Back on it now...this time taking it slow....i rushed straight to tier 2 and overtrained myself to death and got all girly and depressive about it, lol. Anyway currently at the end of my 2nd blast. I stepped it up to tier 2 at week 3 and 4 but come back down. It just overtrains me I think for how little I'm eating. Trying to keep as lean as a can this year instead of my usual 290lb fat offseason self.
Anyway let's get to it. I'm just wondering if anyone else has run into this problem, particularly with the loading sets for legs which are done zagged.
Now I have horrendous knee issues at the moment and warming them up enough to get my quads activating is sometimes hard work.
However, besides that......I fnd that warming up and cycling through the zig-zag kind of takes me out of the groove/movement pattern when I'm ready to rock the heavy main loading sets.
Eg squats....3 straight warm up sets.
Then move to a close stance leg press, then onto ham curl. Probably alternate these 2 to build the loads up.
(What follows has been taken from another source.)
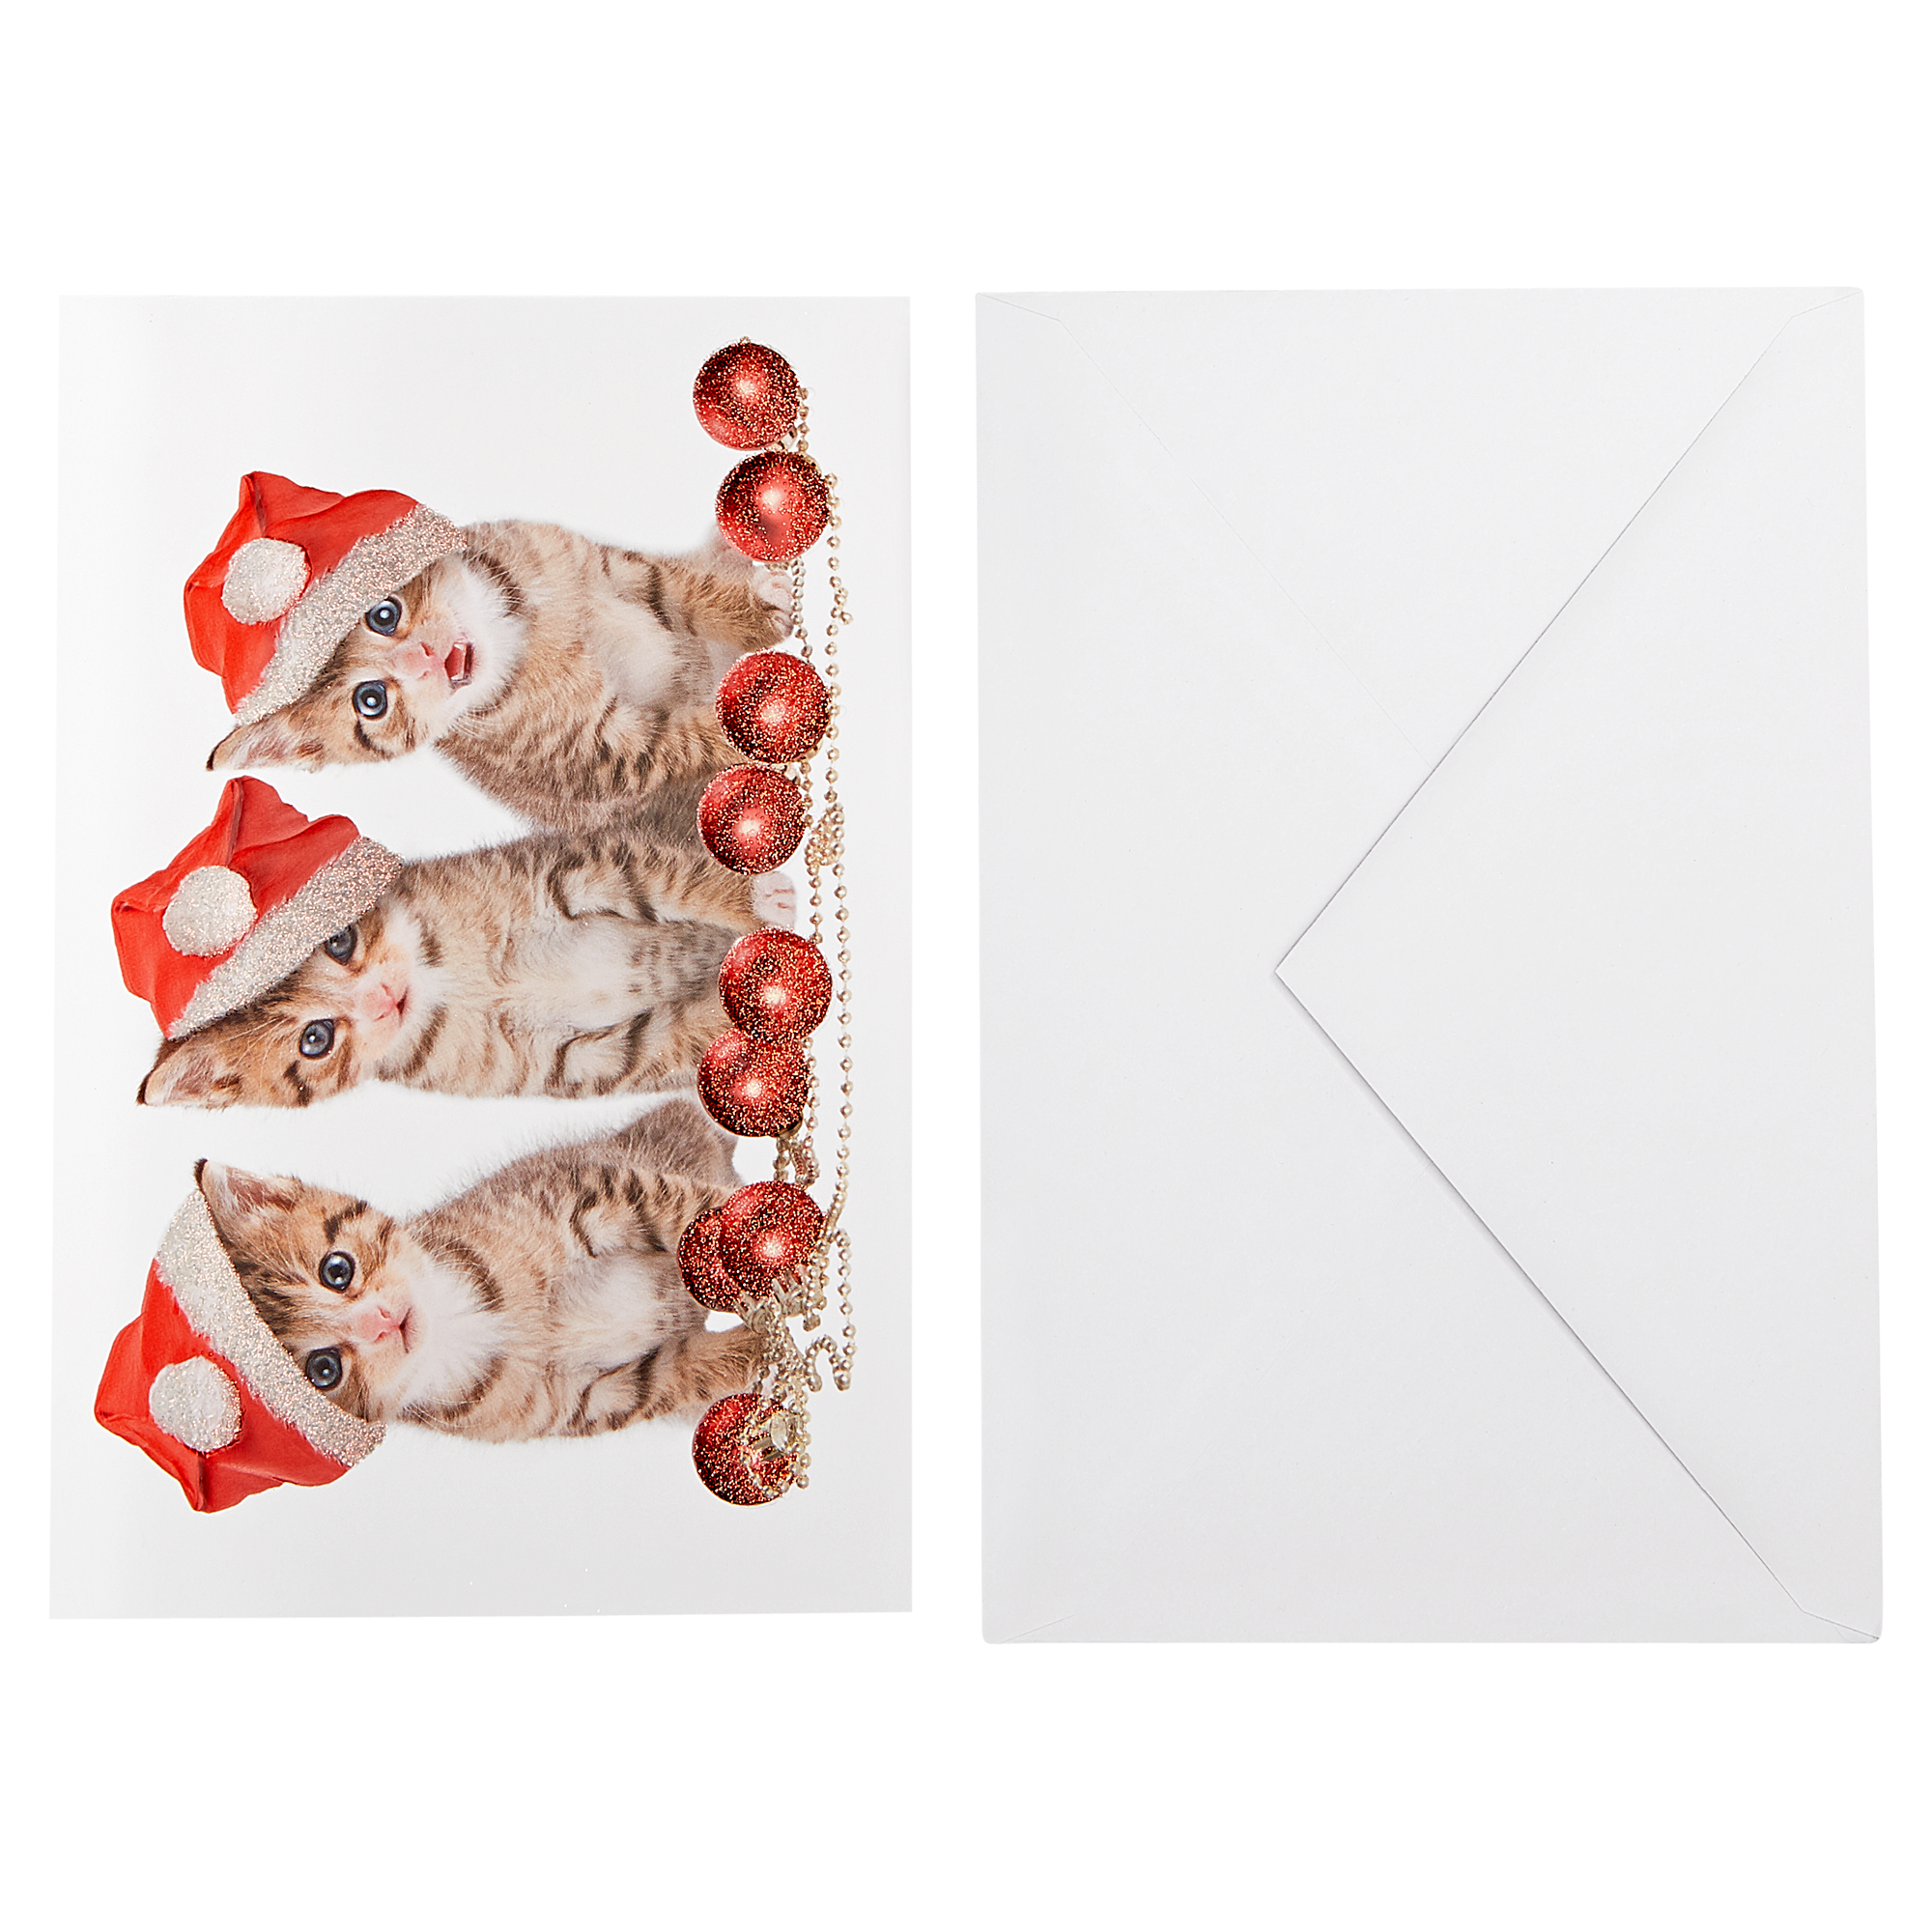 Weihnachtskarte blau/rot mit Umschlag + product picture

Then return to squats for one last warm up....this actually feels really really heavy and my squats feel very bad and grindy. Then tell myself not to be so soft, think myself that last warm up was spot on and load the bar heavier to begin my zigzag. Man it just all feels so bad on the knees.
Sorry that's long winded but I'm trying to describe it best I can. Basically as soon as i move away from the squat during warm ups and return to it, it feels not to warmed up anymore. Does anyone else run into this issue?
Are the zig zag so important? I scanned through the book last night and perhaps missed some thing. It says to do them and how to do them but I couldn't find why?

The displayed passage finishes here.